この場合、新規ファイルを作成したいので、OFN_FILEMUSTEXIST と OFN_PATHMUSTEXIST を指定していなければならない。 さもないとダイアログボックスから存在していないファイルを作成することができなくなってしまう。
CreateFile関数のdwCreationDistributionパラメータは新規ファイルを作成するので、CREATE_NEWに変更しなければならない。

残りのコードは以下の部分を除いてファイルをオープンするコードと同じであるので、以下の部分だけを説明する。

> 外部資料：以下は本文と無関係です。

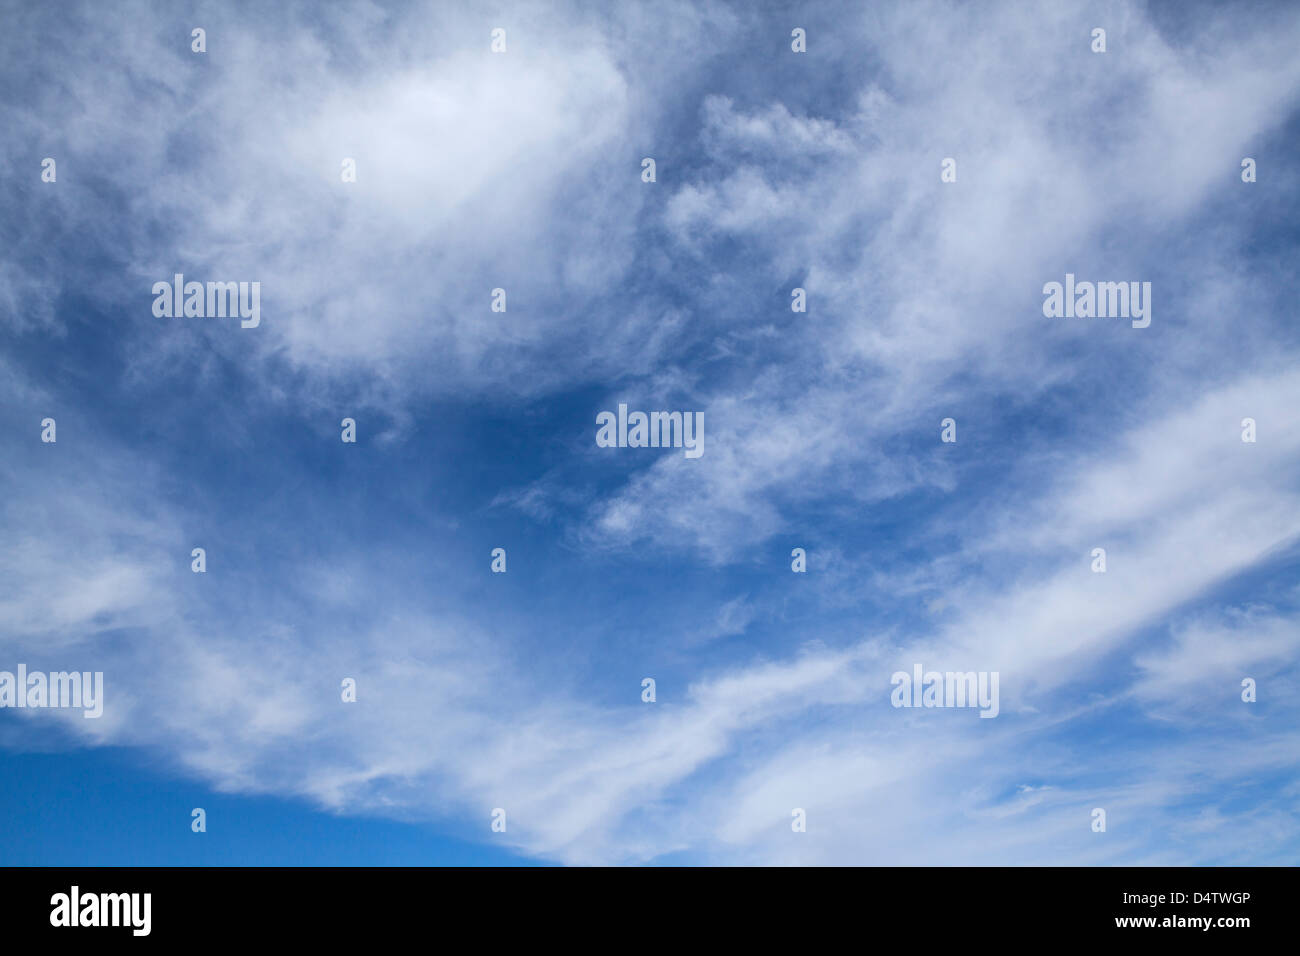 Interesting Cloud Formations against a Blue Sky, Great Backdrop Stock Photo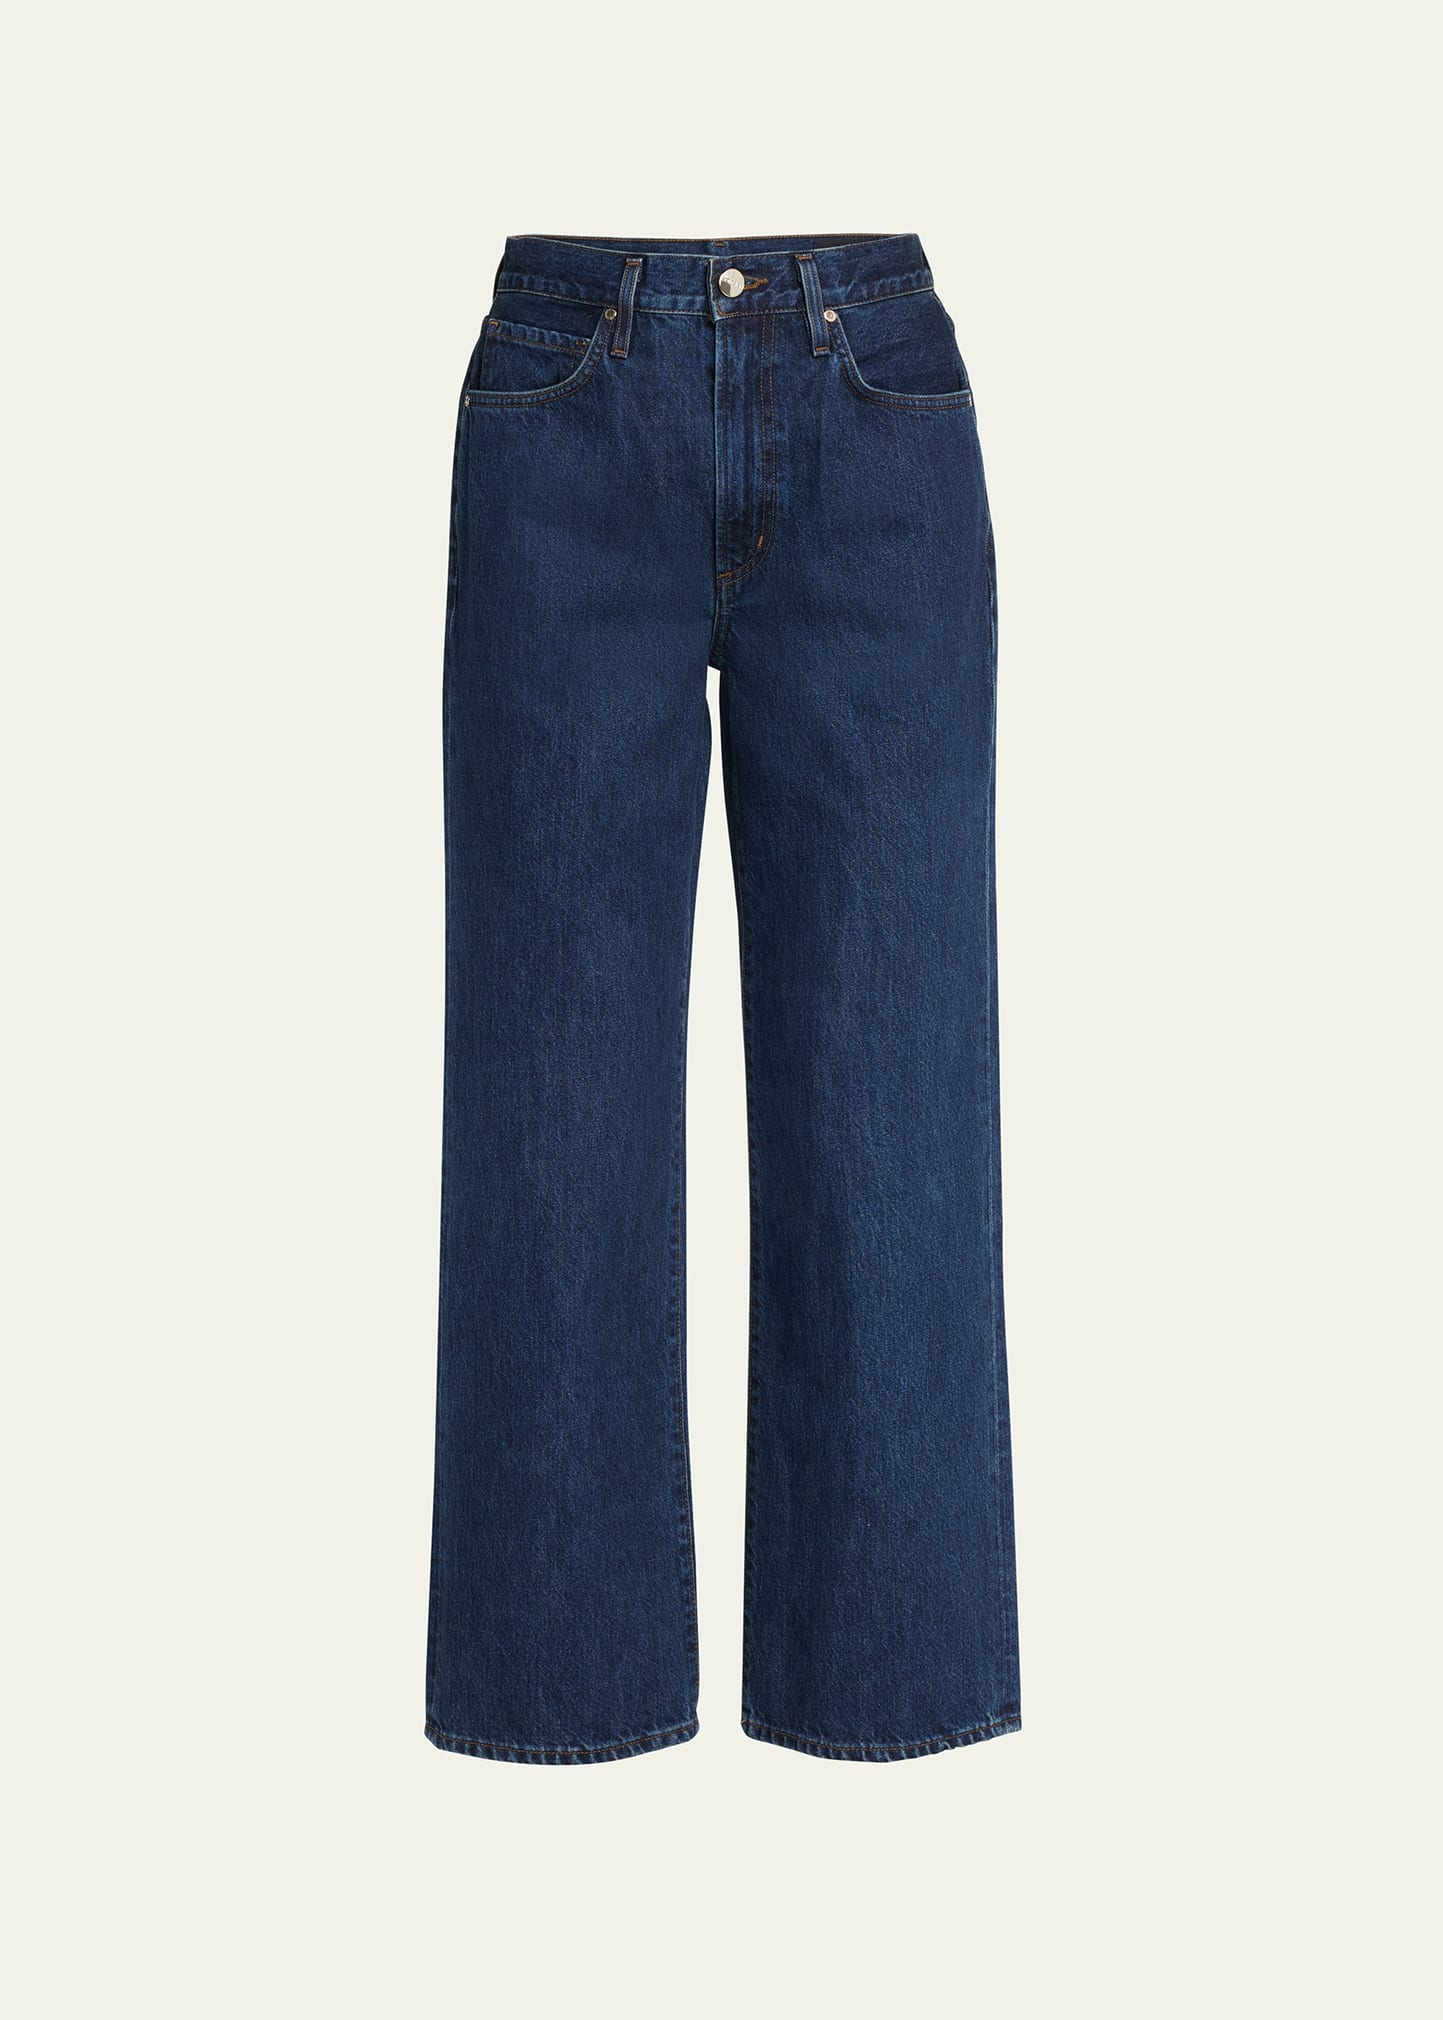 GOLDSIGN THE BARKER RELAXED STRAIGHT JEANS

invoke SendMessage,hwndEdit,WM_GETTEXT,MEMSIZE-1,pMemory
invoke WriteFile,hFile,pMemory,eax,ADDR SizeReadWrite,NULL

WM_GETTEXTメッセージをエディットコントロールに送信し、エディットコントロールのデータをメモリにコピーする。 戻り値のeaxレジスタにバッファの大きさが返ってくる。 メモリにデータが収まったら、新規に作成したファイルに書き出す。